The house is approximately 1025 square feet in size.


----------



## Shane007 (17 Aug 2011)

It really depends on a number of factors such as:

1. How easy is it to split your heating system?
2. Will a new open safety vent pipe be required to be installed and piped back to before the first zone valve. This can happen where the OPSV pipe can be interupted by the installation of a zone valve which is most definitely not allowed.
3. Is the earth bonding up to standard, i.e. 10mm earth wired on all pipework and back to the fuse board?
4. How easy will it be to run wiring from the newly installed room thermostats downstairs and upstairs back to the newly installed wiring centre? (Without surface trunking!)
5. Will carpets & floors need to be lifted and re-instated? We have to do this on a regular basis.
6. How easy will it be to tie in to the existing wiring to the boiler?
7. What quality of materials do you wish to use, i.e. zone valves such as Myson are best on market with very few failures whilst most cheaper ones will most likely failure just when they seem to be out of warranty!
8. Horstmann timeclocks, I find best but they too are more expensive than many others.
9. Does your existing hot water cylinder have a suitable lagging jacket or factory insulation.
10. Do you have a separate timeclock for the your immersion heater and is it located outside of the hot press? This is a requirement for the grant.
11. Once the system is drained and re-filled, do you wish to have a system inhibitor added to the system for long term protection, such as Fernox MB1.
12. Do you wish to zone the house into 3 zones, i.e. downstairs, upstairs and hot water or 2 zones, i.e. heating and hot water? The latter will require a minimum of 50% of your radiators to have TRV's (thermostatic radiator valves) installed.
13. Do you have any solid fuel fires with a back boiler as this will always have to remain as unzoned with no valves whatsoever on that circuit?

So basically, it is very difficult to ascertain how much the installation will cost as there are so many variables.

Best to have a SEAI registered contractor to have a look and make sure to check their references. Also ask who will be doing the wiring for the installation, a plumber or an electrician!


----------



## OkeyDokey (17 Aug 2011)

Thanks Shane for taking the time to respond and providing so much detail.
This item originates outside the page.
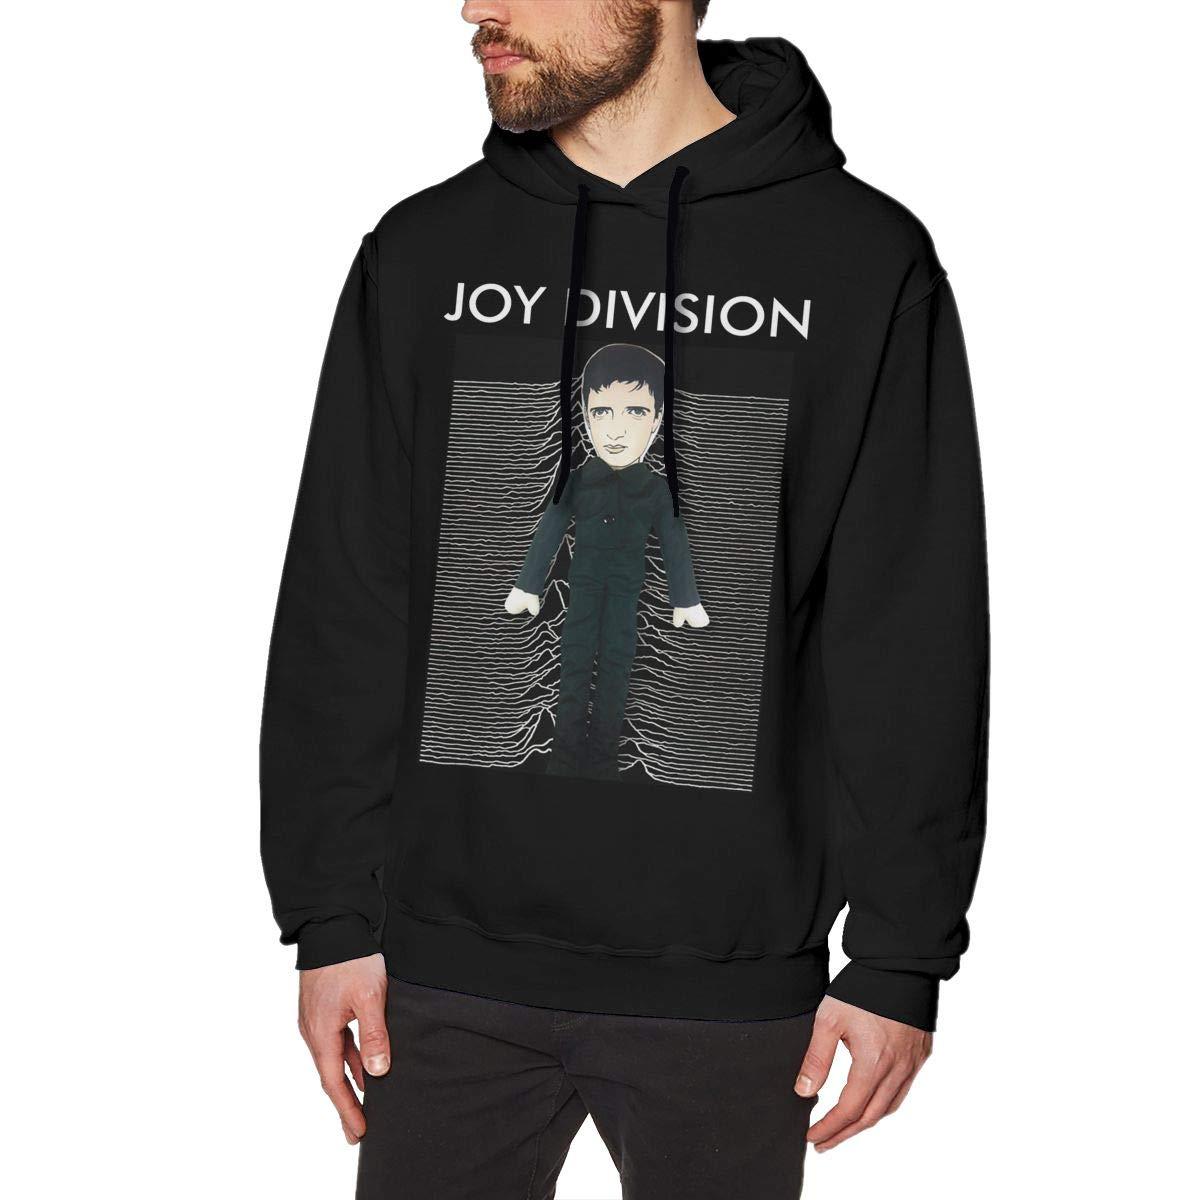 Kangtians Dknpglyum Joy Division Hooded 8910 Shirts
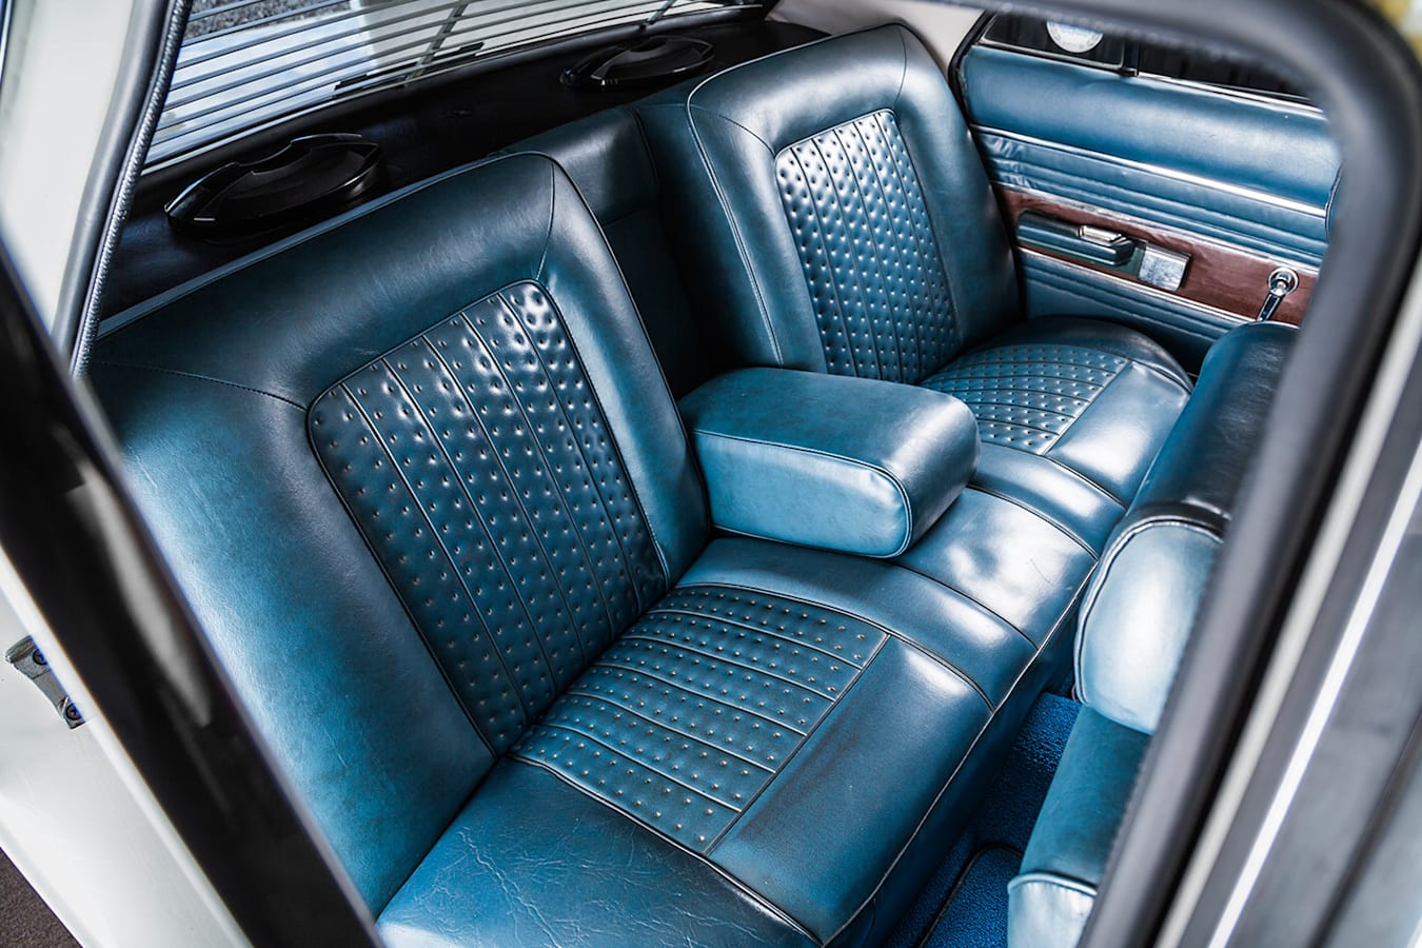 Chrysler Valiant interior rear

Judging by your post there is a lot involved. It's a small house. I am guessing that it is expensive. To expensive to be economical for a small house.


----------



## Shane007 (17 Aug 2011)

No, not at all. For companies that are regularly doing this, it is not. We normally have this work carried out in 1 day. It is definitely worth zoning as they cost benefit is definite and worthwhile, let alone the convenience factor of being able to turn on only that zone when you want.

Especially with gas, as they are modulating, only the energy required is used to heat that particular zone.

It costs nothing to get a few quotes!


----------



## hastalavista (18 Aug 2011)

OkeyDokey said:


> SEI offer a grant for heating controls.




Which means that the price of the job goes up by at least the grant.

I know this is a bit harsh but is true, The chair of Bord Snip II has confirmed this to me.


Re "Best to have a SEAI registered contractor."

This means nothing really if there is a problem down stream as SEAI dont want to know about shoddy workmanship or the like. The registration has more to do with being tax compliant than anything else as its EU mula that is being spent.

If I am wrong about this am will to be corrected.

OP: I would look at you existing air tightness, attic insulation, lagging jacket / timer on HW cylinder and simple things like this first


----------



## Shane007 (18 Aug 2011)

hastalavista said:


> Which means that the price of the job goes up by at least the grant.
> 
> I know this is a bit harsh but is true, The chair of Bord Snip II has confirmed this to me.
> 
> ...


 
Perhaps I should correct you on this. The SEAI is only ensuring a code of practice and insisting that if you are availing of a grant, then the installation/upgrade must be carried out to the standards of the current Building Regulation. Not many people are aware of this. For example, if you are replacing a boiler, it is a Building Regulation that you upgrade the heating system to the current Regulation by installing zoning, etc. If you are carrying out this work, you are required to install it to meet this standard, including boiler interlock, wiring, time and temperature control, etc. It must also be with a boiler of minimum 86% efficiency although SEAI insist on minimum 90% efficiency. In the UK, there is a certification system that must be submitted to Local Government Building Control to ensure that this measure is carried out. Recently, an installer there was imprisoned for 6 months for repeated offences. Building Regulations are legal requirements and are not just there as guidelines. They are also there for the good of the homeowner and not to make it easier for the installer to cut corners.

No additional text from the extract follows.